Ces chemins sont globaux : installez ou mettez à jour un package pour un projet et vous l’avez modifié pour tous les projets — c’est précisément ainsi que le résultat de 2024 dérive lorsqu’un projet ultérieur fait monter la version d’un package partagé. La solution de renv consiste à placer une bibliothèque locale au projet en tête de cette liste, afin que chaque projet résolve les packages à partir de son propre ensemble privé. Tout ce qui suit met cela en place.
Le workflow renv
Voici la discipline de bout en bout. Tout ce qui figure dans cette section modifie un projet — cela crée une bibliothèque, écrit un fichier de verrouillage, installe des packages — donc, contrairement aux blocs ci-dessus, ces commandes ne peuvent pas s’exécuter sur cette page. Exécutez-les dans votre propre projet ; les étapes et leur effet sont exacts.
| Étape | Commande | Ce qu’elle fait |
|---|---|---|
| 1. Initialiser | renv::init() |
Crée une bibliothèque locale au projet et un renv.lock initial ; analyse votre code et installe ses dépendances dans la bibliothèque privée. |
| 2. Travailler | renv::install("pkg") / install.packages() |
Ajoute ou met à niveau des packages dans la seule bibliothèque du projet — jamais dans la bibliothèque système partagée. |
| 3. Instantané | renv::snapshot() |
Écrit les versions exactes actuellement utilisées dans renv.lock. |
| 4. Versionner | git add renv.lock |
Place le fichier de verrouillage sous contrôle de version avec votre code — le fichier de verrouillage est le dossier de l’environnement. |
| 5. Restaurer | renv::restore() |
Sur une autre machine, reconstruit la bibliothèque identique à partir de renv.lock. |
| 6. Vérifier | renv::status() |
Signale la dérive entre votre bibliothèque, votre code et le fichier de verrouillage. |
Initialiser le projet
À exécuter une seule fois, dans le répertoire racine du projet. renv::init() met en place la bibliothèque privée, génère le premier fichier de verrouillage et — c’est important — fait en sorte que les nouvelles installations de packages atterrissent dans le projet, pas dans le système.
# In your project's root directory, run:
renv::init()Après cela, votre projet dispose d’un dossier de bibliothèque renv/, d’un renv.lock et d’un .Rprofile qui active renv chaque fois que le projet s’ouvre. Un collaborateur qui ouvre le projet se trouve désormais sur la bibliothèque propre au projet, isolé de tout le reste présent sur sa machine.

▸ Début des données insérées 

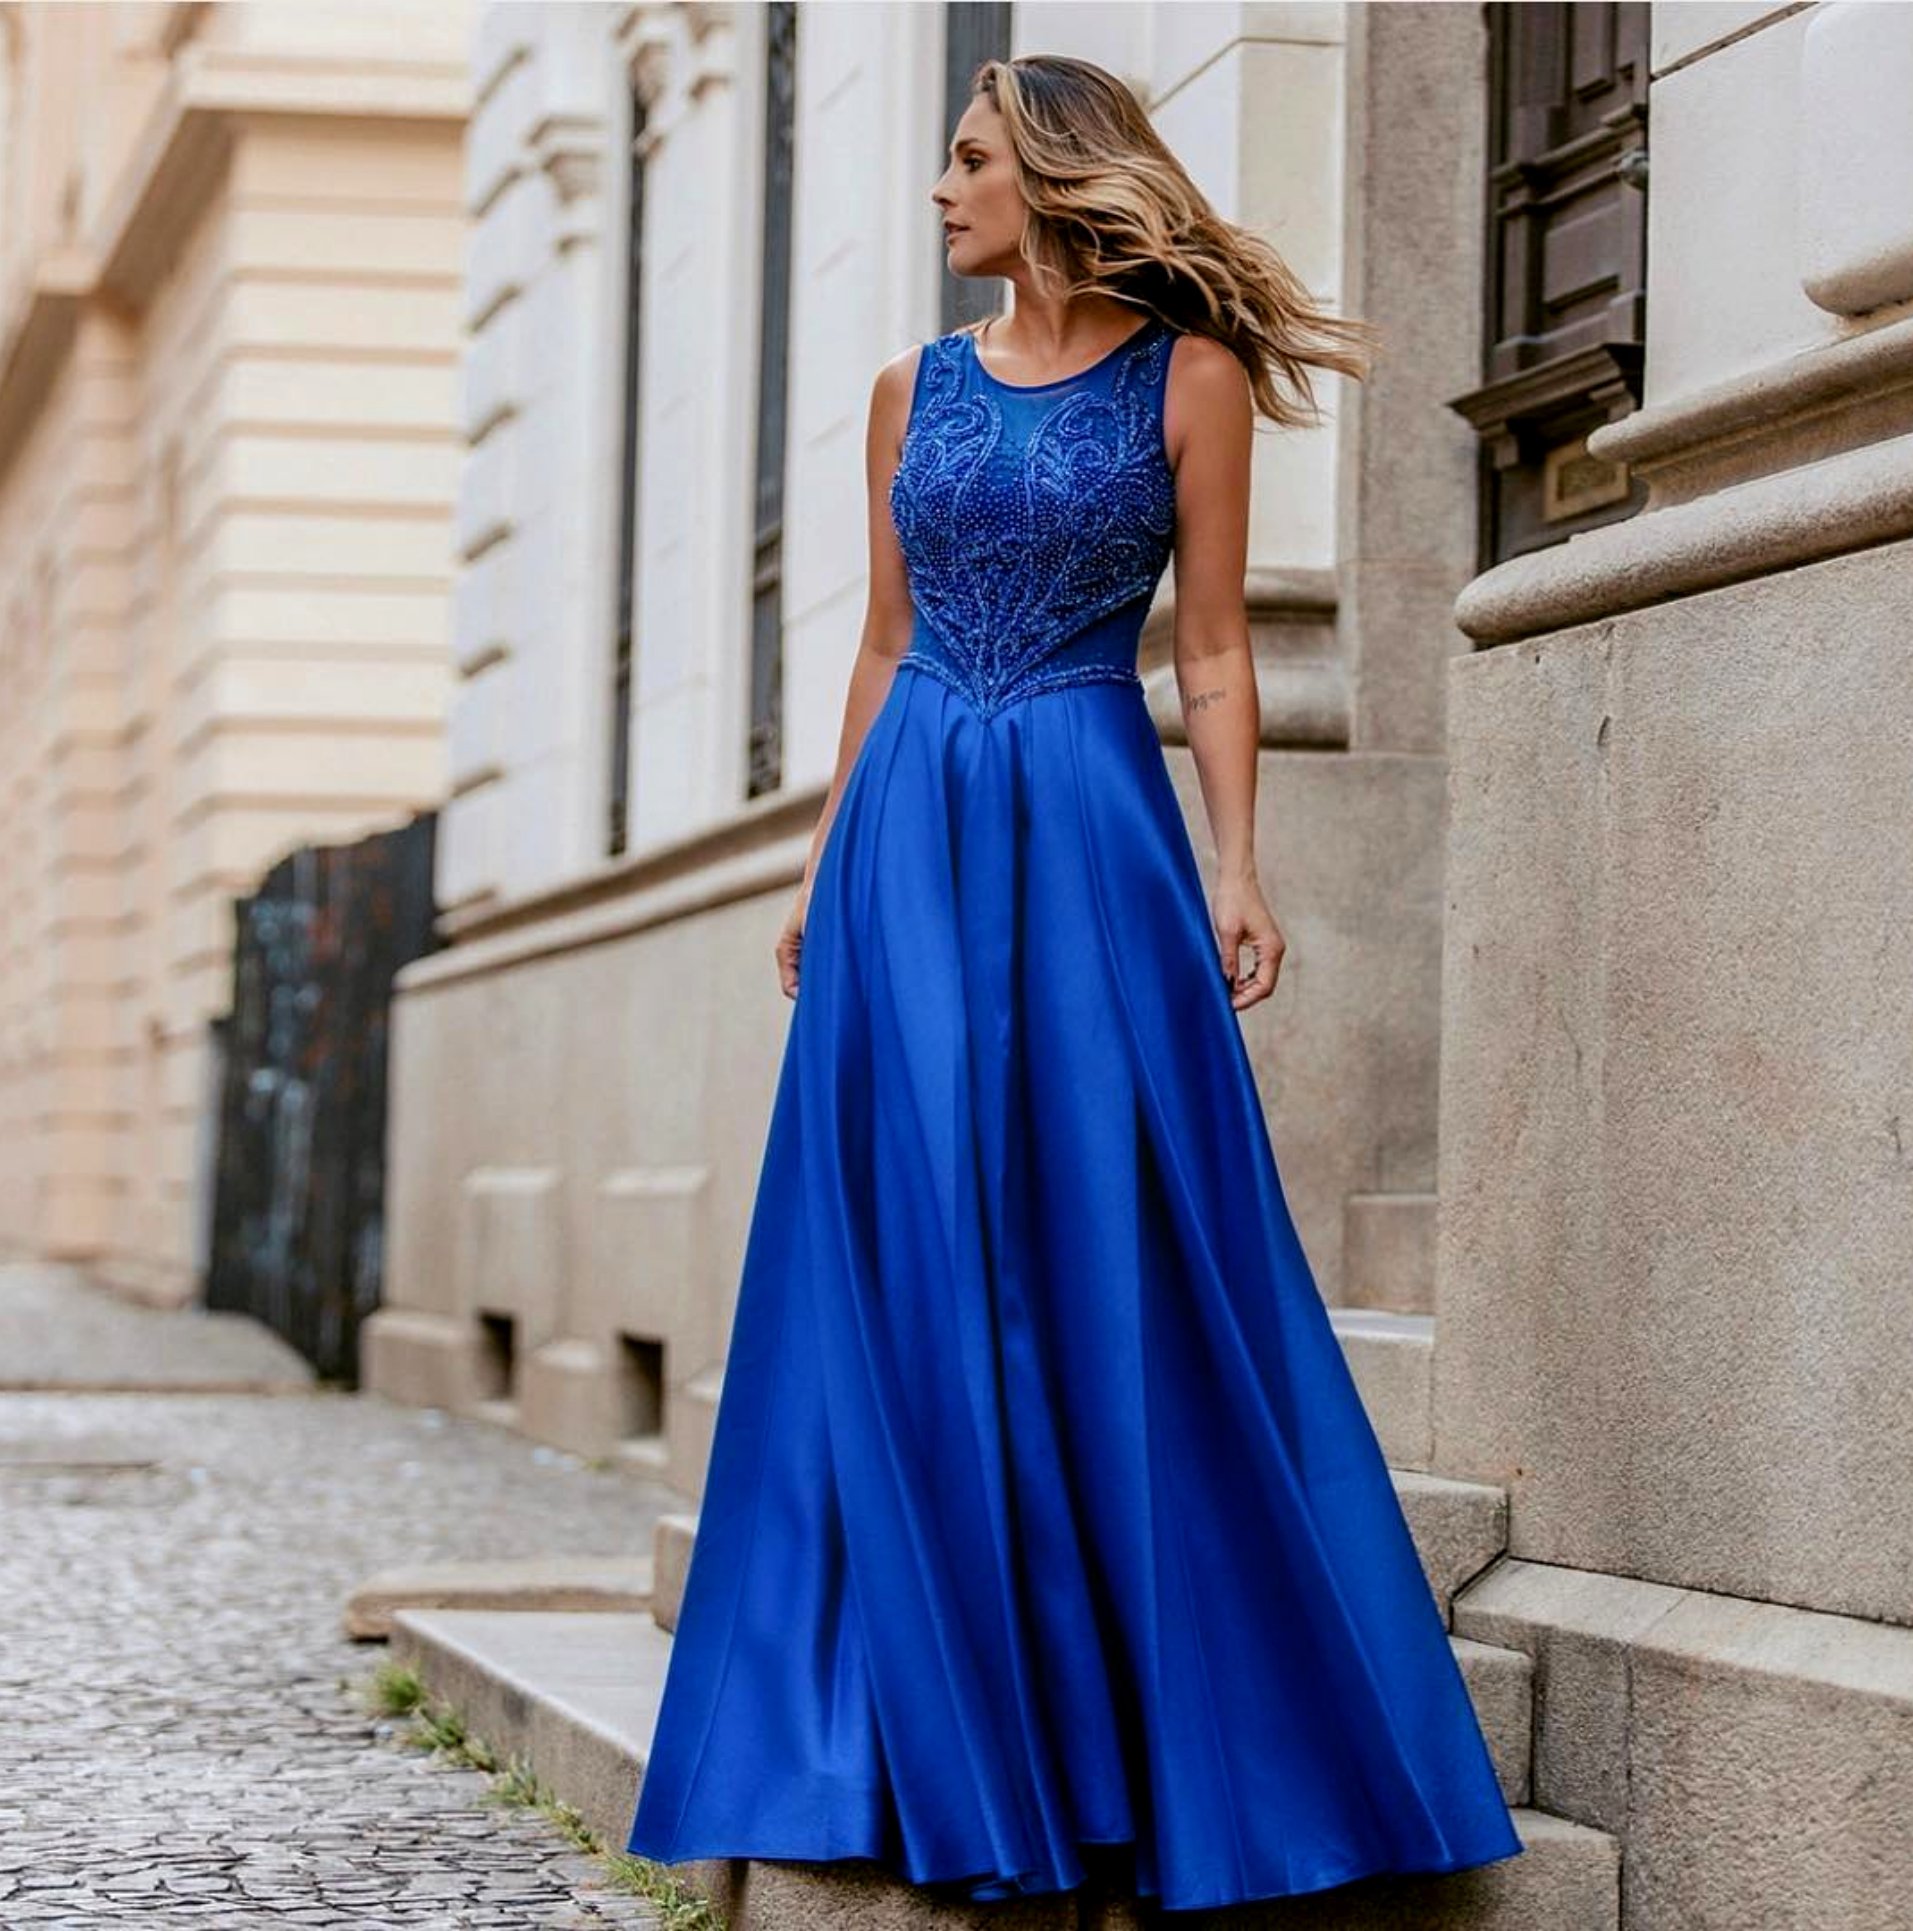 y vestidos azul royal para tu
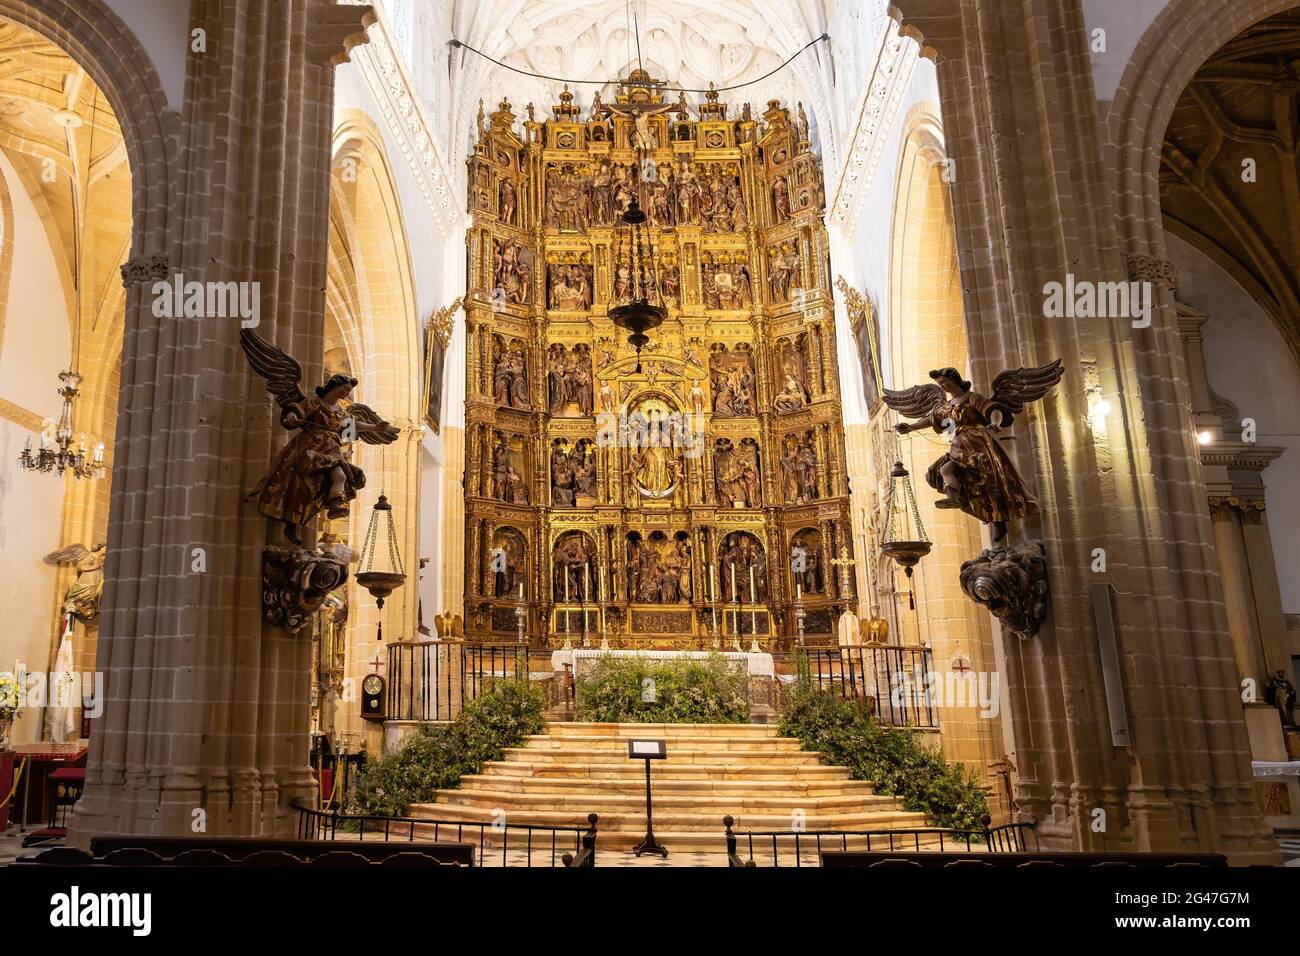 Medina-Sidonia, Cadix, Espagne - 15 juin 2021 : autel principal et retable de l'église de Santa Maria dans la ville de Medina-Sidonia dans la province de Banque D'Images

Prendre l’instantané des versions exactes
Faites votre travail — installez les packages dont l’analyse a besoin, écrivez le code. Lorsque l’environnement est celui qui a produit vos résultats validés, gelez-le avec renv::snapshot(). Il réanalyse votre code, résout les versions actuellement installées et les écrit dans renv.lock.
# In your project, after installing the packages your analysis uses:
renv::snapshot()
# renv then writes/updates renv.lock with the exact versions in use.Ensuite, versionnez le fichier de verrouillage. C’est l’étape qui fait de l’environnement une partie du dossier : renv.lock voyage avec votre code dans git, de sorte que l’état de l’environnement au moment de la validation est capturé pour toujours.
git add renv.lock
git commit -m "Snapshot analysis environment"Restaurer l’environnement ailleurs
C’est là que se trouve la récompense. Sur une machine neuve — l’ordinateur portable d’un collègue, un serveur de validation, un runner CI, ou l’environnement d’un évaluateur des années plus tard — clonez le projet et exécutez renv::restore(). renv lit renv.lock et reconstruit la bibliothèque aux versions exactes qu’il enregistre, en vérifiant chacune par rapport à son hash.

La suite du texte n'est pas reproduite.